GitHub sends X-Hub-Signature-256, a hex digest prefixed with sha256=, computed over the raw body alone. (The older X-Hub-Signature uses SHA-1 and exists only for legacy compatibility — ignore it.) GitHub has no built-in timestamp, so if you need replay protection, layer on the X-GitHub-Delivery ID and store recently-seen IDs.

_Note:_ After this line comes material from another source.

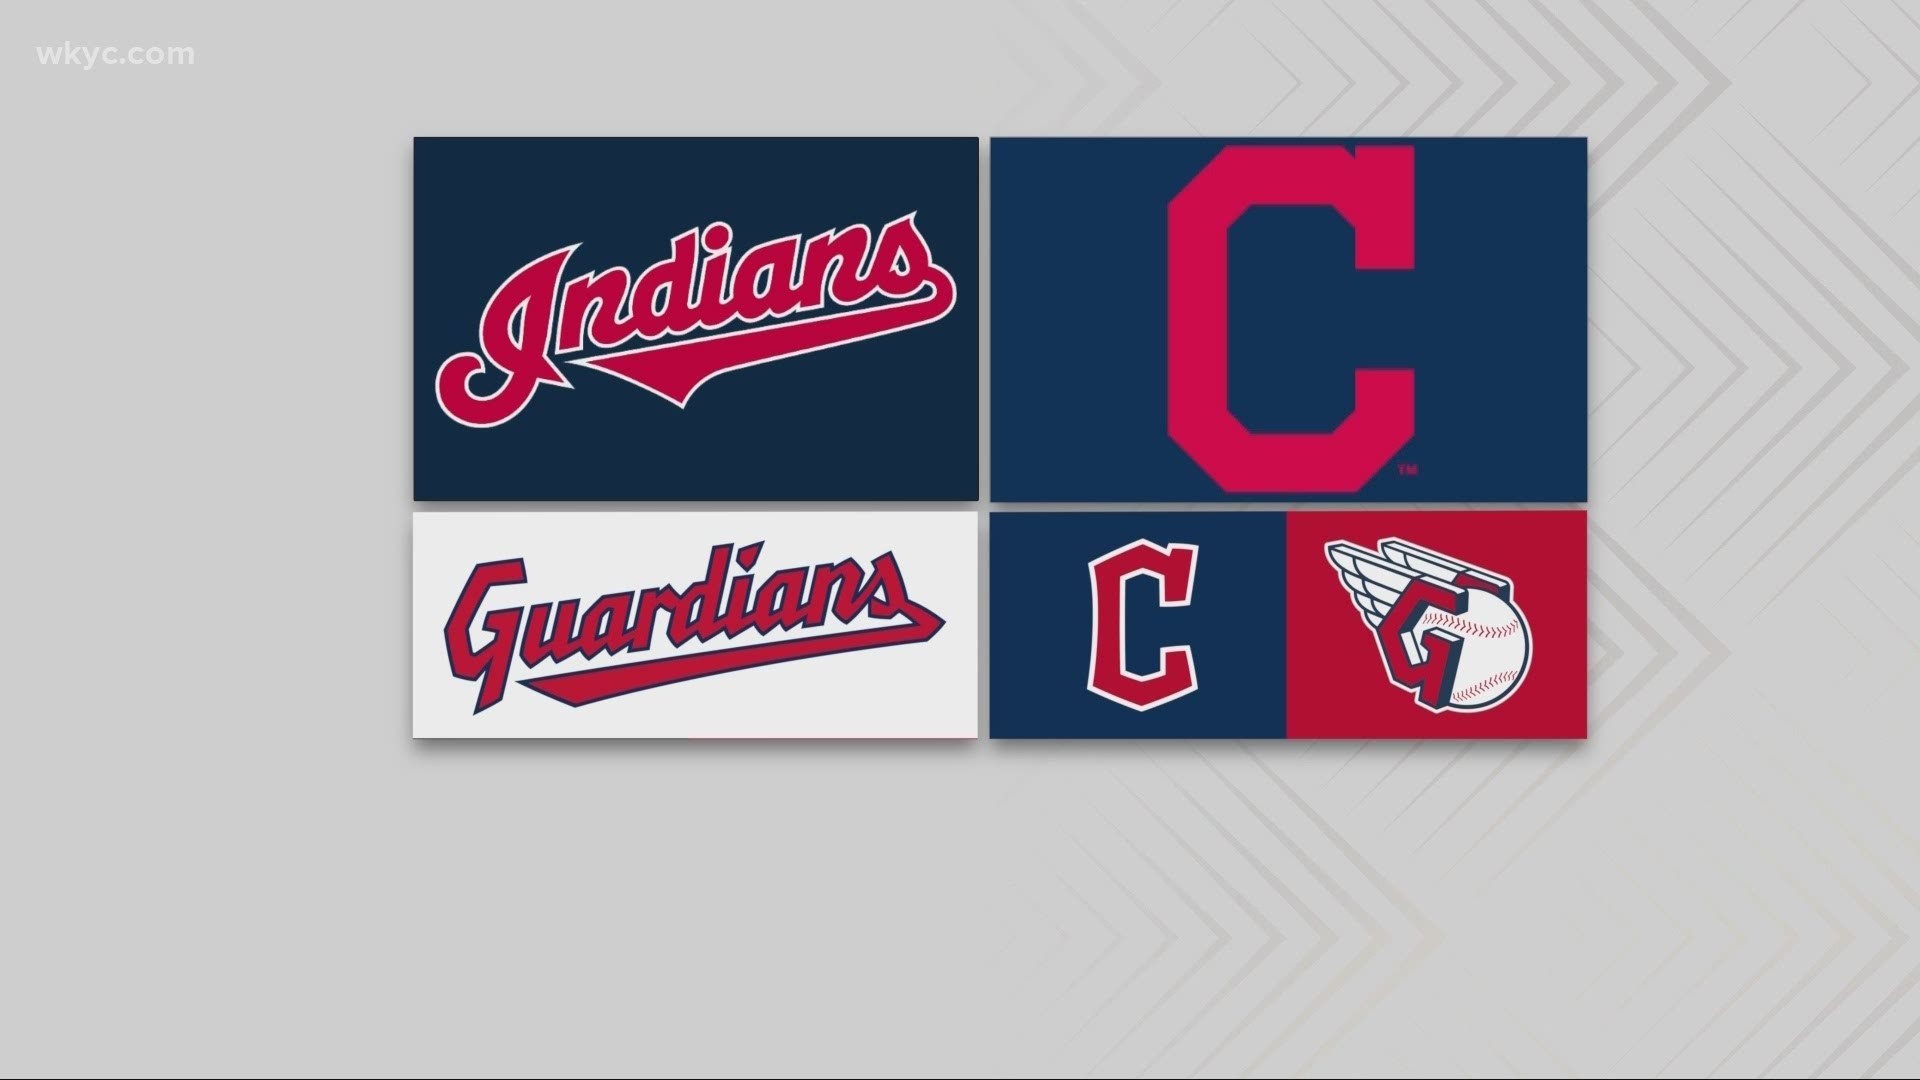 In a video released to social media on Friday, the franchise announced that it will be known as the "Cleveland Guardians" beginning in 2022.

function verifyGitHub(rawBody: Buffer, header: string, secret: string): boolean {
  const expected =
    "sha256=" + crypto.createHmac("sha256", secret).update(rawBody).digest("hex");
  const a = Buffer.from(expected);
  const b = Buffer.from(header);
  if (a.length !== b.length) return false;
  return crypto.timingSafeEqual(a, b);
}

Svix / Standard Webhooks sign id.timestamp.body, send a base64 signature in webhook-signature (a space-delimited list like v1,g0hM9...), and put the timestamp in webhook-timestamp. The secret is whsec_<base64>, and you HMAC using the base64-decoded bytes after the prefix — a step people miss. Compare against each v1, entry with a constant-time check, and enforce your own tolerance on webhook-timestamp.

Here is a compact Python/Flask variant that verifies a Stripe-style signature. Note request.get_data() returns the raw bytes before any JSON parsing, and hmac.compare_digest does the constant-time work.

import hashlib
import hmac
import time
from flask import Flask, request, abort

app = Flask(__name__)
TOLERANCE_SECONDS = 5 * 60

@app.post("/webhooks/stripe")
def stripe_webhook():
    raw = request.get_data()  # raw bytes, BEFORE JSON parsing
    header = request.headers.get("Stripe-Signature", "")

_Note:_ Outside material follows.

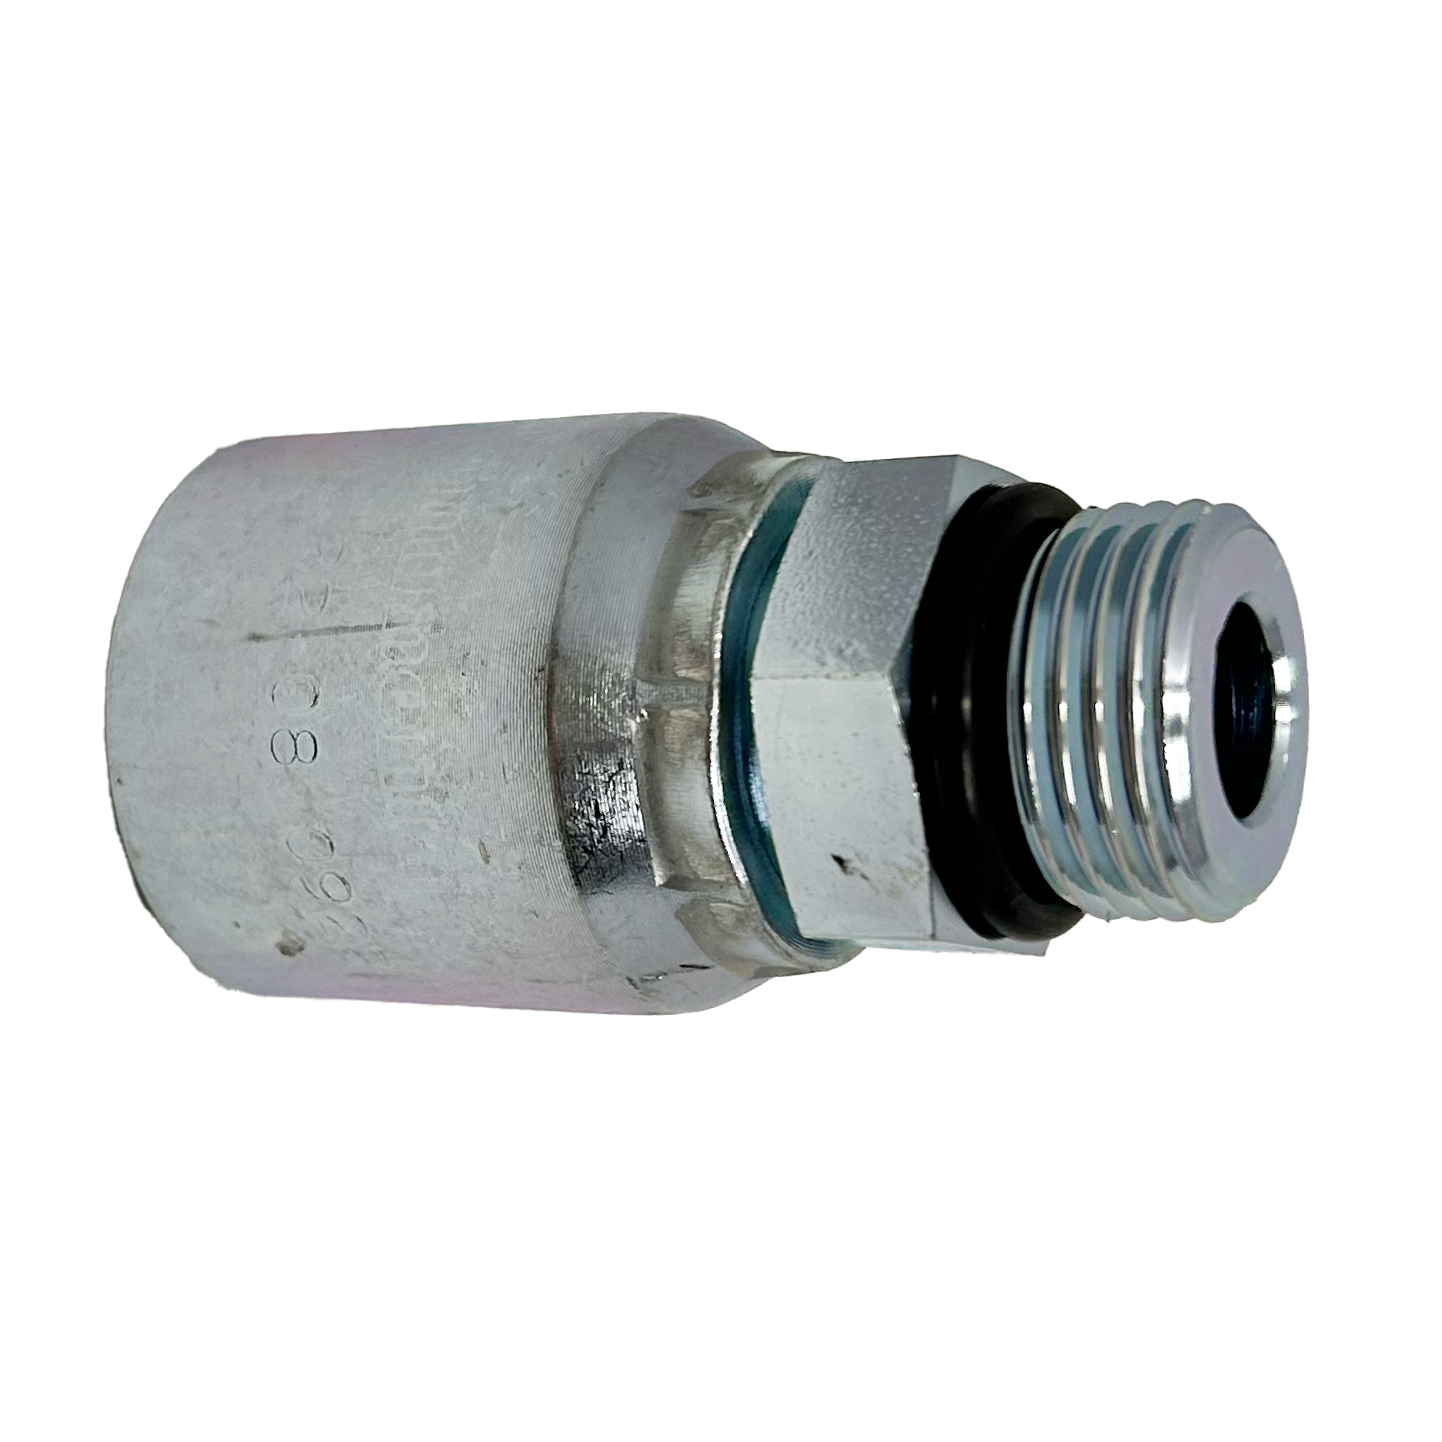 B2-OBM-0808S: Continental Hose Fitting, 0.5 (1/2") Hose ID x 3/4-16 Male ORB, Straight Rigid Connection

    fields = dict(p.split("=", 1) for p in header.split(",") if "=" in p)
    timestamp, signature = fields.get("t"), fields.get("v1")
    if not timestamp or not signature:
        abort(400)

    if abs(time.time() - int(timestamp)) > TOLERANCE_SECONDS:
        abort(400)  # stale / replay

    signed = f"{timestamp}.".encode() + raw
    expected = hmac.new(
        app.config["STRIPE_WEBHOOK_SECRET"].encode(), signed, hashlib.sha256
    ).hexdigest()

    if not hmac.compare_digest(expected, signature):
        abort(400)

    event = request.get_json()  # safe to parse now
    return {"received": True}

Idempotency: passing the signature isn't the end#

A valid signature only proves authentic, not once. Providers retry aggressively — on any timeout, 5xx, or network blip — so the same correctly-signed event will legitimately arrive multiple times. If your handler creates a row or charges a card on each delivery, retries become duplicate orders.

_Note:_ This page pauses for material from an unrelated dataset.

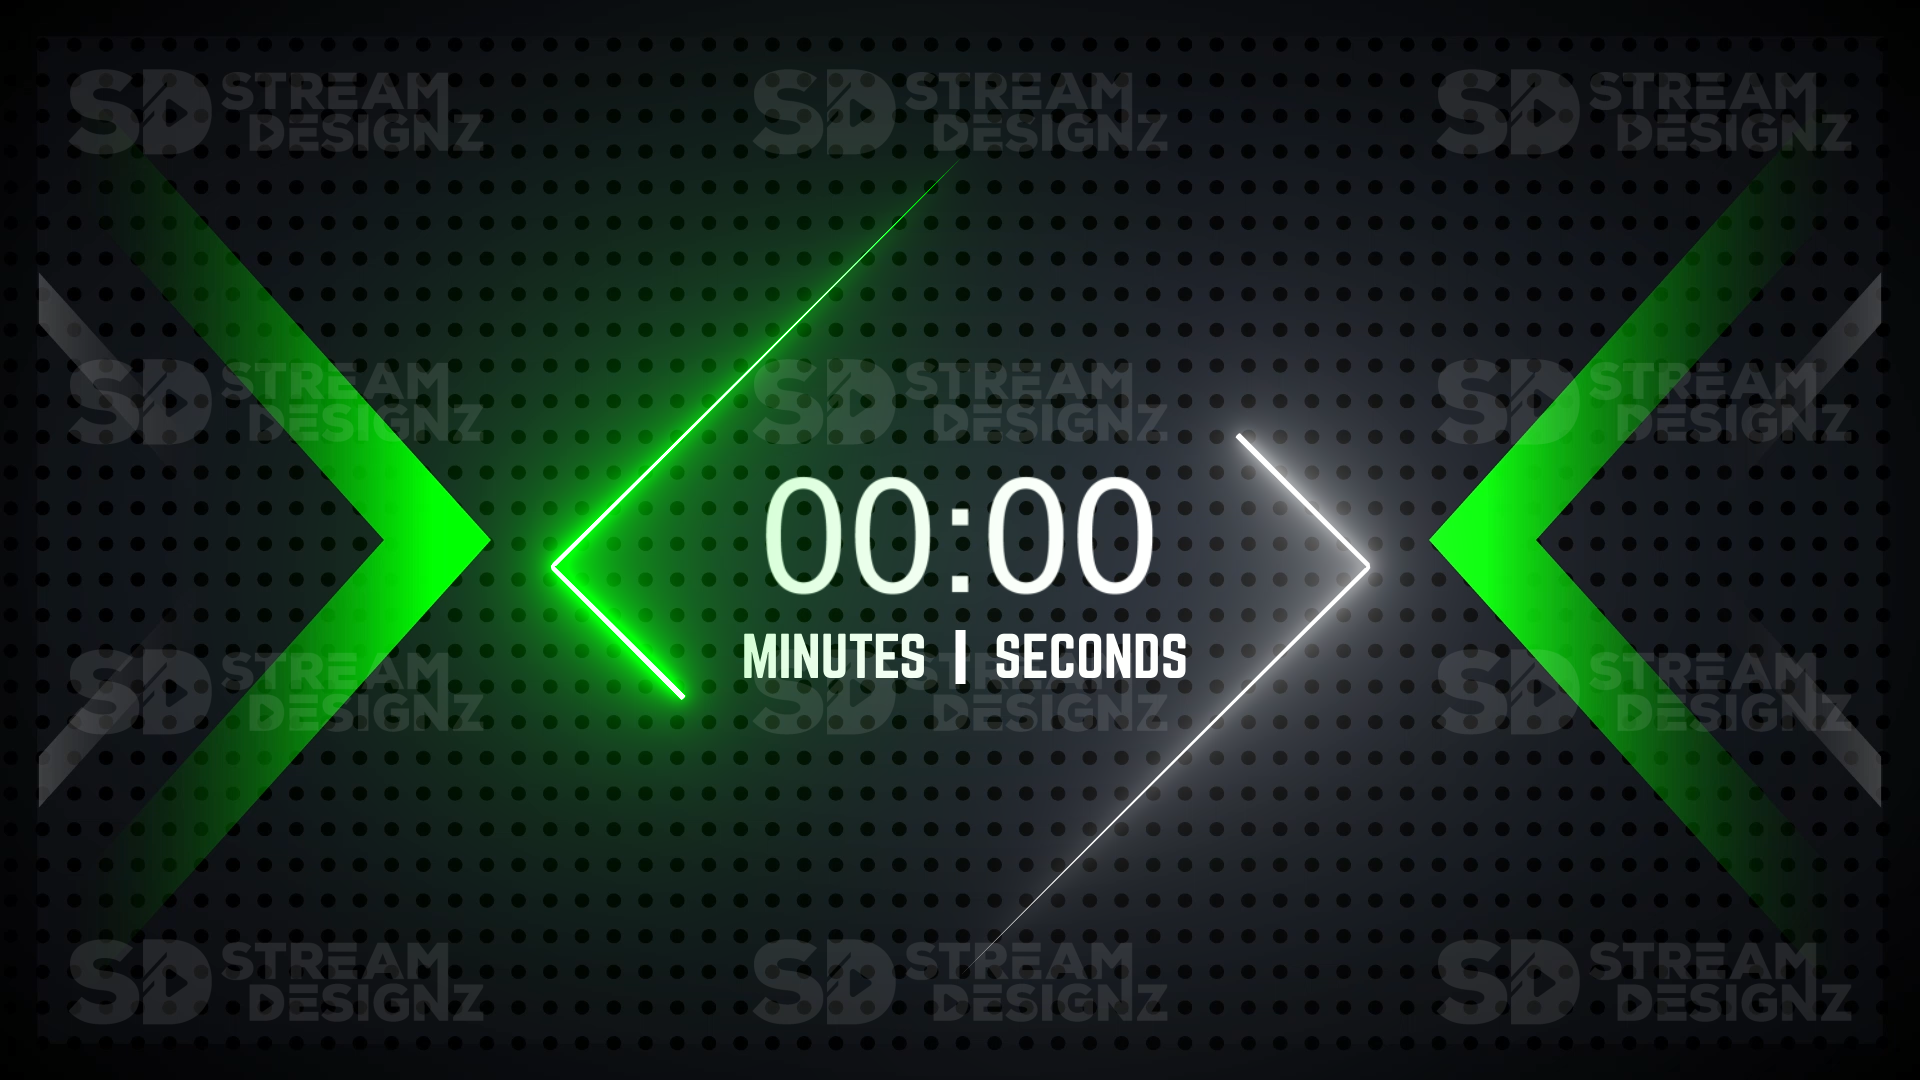 5 minute count up timer green arrow preview video stream designz

Dedupe on the provider's event ID (event.id for Stripe, X-GitHub-Delivery for GitHub, webhook-id/svix-id for Svix). Record processed IDs in a table with a unique constraint, and make the insert your gate:

// Reject the second delivery of the same event at the DB layer.
try {
  await db.insert("processed_events", { id: event.id });
} catch (e) {
  if (isUniqueViolation(e)) return res.json({ received: true }); // already handled
  throw e;
}

Trust the signal, re-fetch the truth#

The last subtle bug: trusting the contents of the webhook body for high-value actions. Even a perfectly-verified event is only as fresh as the moment it was sent, and amounts, statuses, and entitlements can change. For anything that moves money or ships goods, treat the webhook as a nudge that says "something happened," then re-fetch the authoritative object from the provider's API (stripe.checkout.sessions.retrieve(id)) and act on that — the same discipline that keeps an agent's first Stripe payment honest. Verification stops forgery; a re-fetch stops you from acting on stale or partial data.

Get these five things right — raw body, HMAC over the exact signed payload, constant-time compare, a timestamp window, and idempotency — and your endpoint is boring in the best way. Boring is what secure looks like.